L'employeur verse ce salaire au travailleur à l'époque où il le lui aurait normalement versé si celui-ci lui a fourni l'attestation médicale visée dans l'article 199 .

 


Ce salaire constitue l'indemnité de remplacement du revenu à laquelle le travailleur a droit pour les 14 jours complets suivant le début de son incapacité et la Commission en rembourse le montant à l'employeur dans les 14 jours de la réception de la réclamation de celui-ci, à défaut de quoi elle lui paie des intérêts, dont le taux est déterminé suivant les règles établies par règlement. Ces intérêts courent à compter du premier jour de retard et sont capitalisés quotidiennement.

 

Si, par la suite, la Commission décide que le travailleur n'a pas droit à cette indemnité, en tout ou en partie, elle doit lui en réclamer le trop-perçu conformément à la section I du chapitre XIII.

__________

1985, c. 6, a. 60; 1993, c. 5, a. 1.

 

 

 

430.  Sous réserve des articles 129 et 363, une personne qui a reçu une prestation à laquelle elle n'a pas droit ou dont le montant excède celui auquel elle a droit doit rembourser le trop-perçu à la Commission.

__________

1985, c. 6, a. 430.

 

 

 

437.  La Commission peut, même après le dépôt du certificat, faire remise de la dette si elle le juge équitable en raison notamment de la bonne foi du débiteur ou de sa situation financière.

 

Cependant, la Commission ne peut faire remise d'une dette qu'elle est tenue de recouvrer en vertu du quatrième alinéa de l'article 60 ou de l'article 133 .

__________

1985, c. 6, a. 437.

 

            [Nos soulignements]

[18]        La Loi ne laisse ainsi place à aucune interprétation. Malgré la bonne foi, le montant correspondant au versement de l’indemnité de remplacement du revenu pendant les 14 premiers jours d’un arrêt du travail doit être remboursé.

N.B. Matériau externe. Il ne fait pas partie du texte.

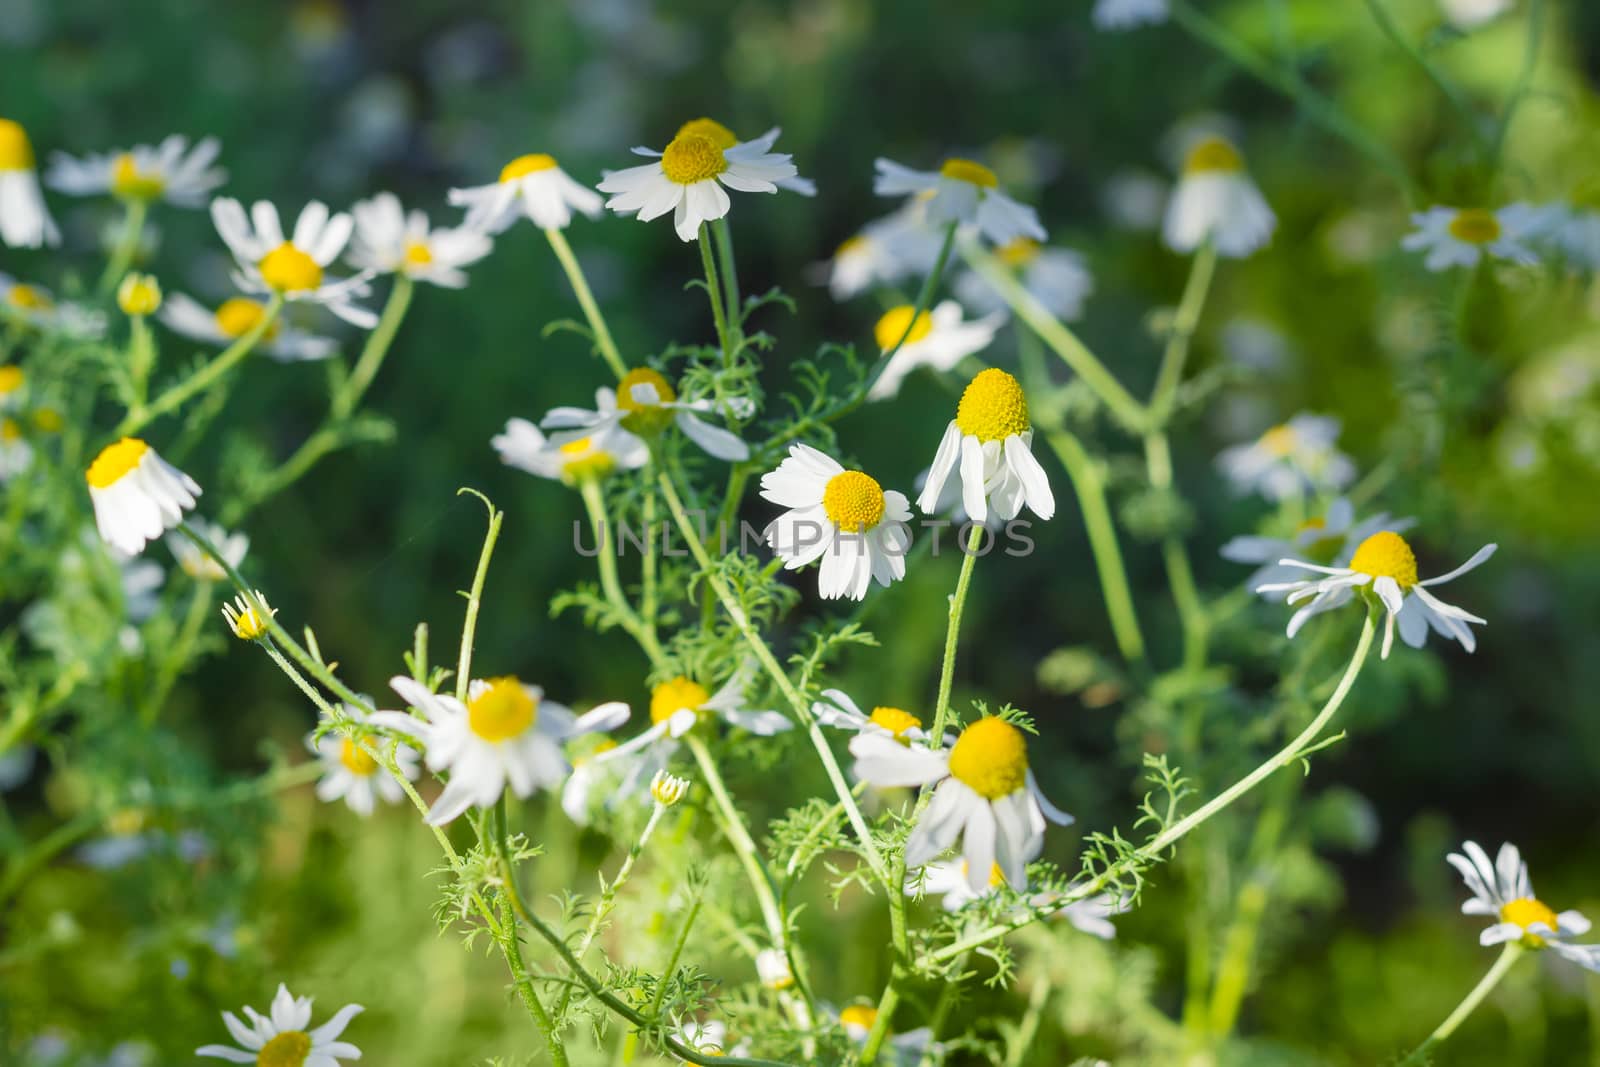 Stalks of blossoming chamomile on a dark background at shallow depth of field
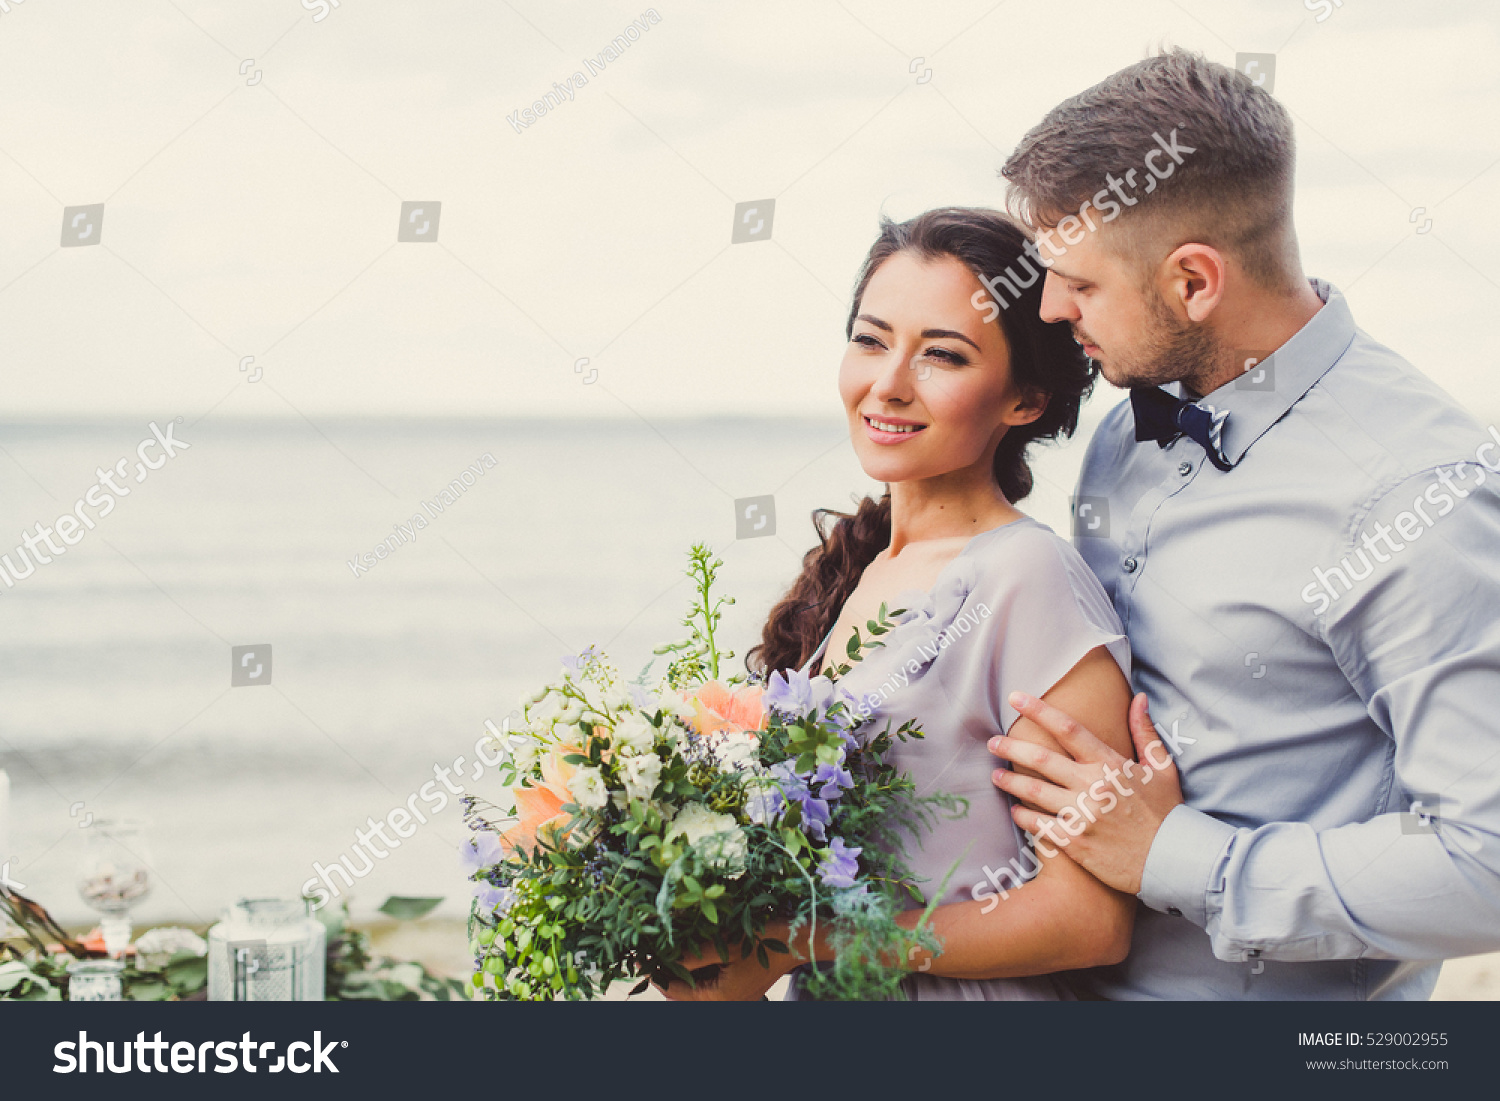 Bride and groom on the beach near the table decorations. Bride holding a beautiful bouquet. #529002955

[19]        Le Tribunal n’avait aucune discrétion pour passer outre à cette disposition. Il a ainsi commis une erreur manifeste et déterminante de droit donnant lieu à une révision de la décision rendue.

 

PAR CES MOTIFS, LA COMMISSION DES LÉSIONS PROFESSIONNELLES :

ACCUEILLE la requête de la Commission de la santé et de la sécurité du travail;

MODIFIE la décision de la Commission des lésions professionnelles rendue le 8 juillet 2010;

DÉCLARE que madame Lorraine Laflamme doit rembourser à la Commission de la santé et de la sécurité du travail la somme de 978,96 $.

 

 

__________________________________

 

Pauline Perron

 

 

 

 

Me Nicolas Matt

Matt Poirier avocats

Représentant de la partie requérante

 

 

Mme Caroline Ouellette Chartrand

C.S.N.

Représentante de la partie intéressée

 

 

Me Hugues Magnan

Vigneault Thibodeau Bergeron

Représentant de la partie intervenante

 



[1]           L.R.Q., c. A-3.001.

[2]           Pétrin c. C.L.P. et Roy et Foyer d’accueil de Gracefield, C.S. Montréal 550-05-008239-991, 15 novembre 1999, j. Dagenais.

[3]           Produits forestiers Donahue inc. et Villeneuve, [1998] C.L.P. 733 ; Franchellini et Sousa, [1998] C.L.P. 783 ;

[4]           Lamarre et Day & Ross inc., [1991] C.A.L.P. 729 .

AVIS :
Le lecteur doit s'assurer que les décisions consultées sont finales et sans appel; la consultation du plumitif s'avère une précaution utile.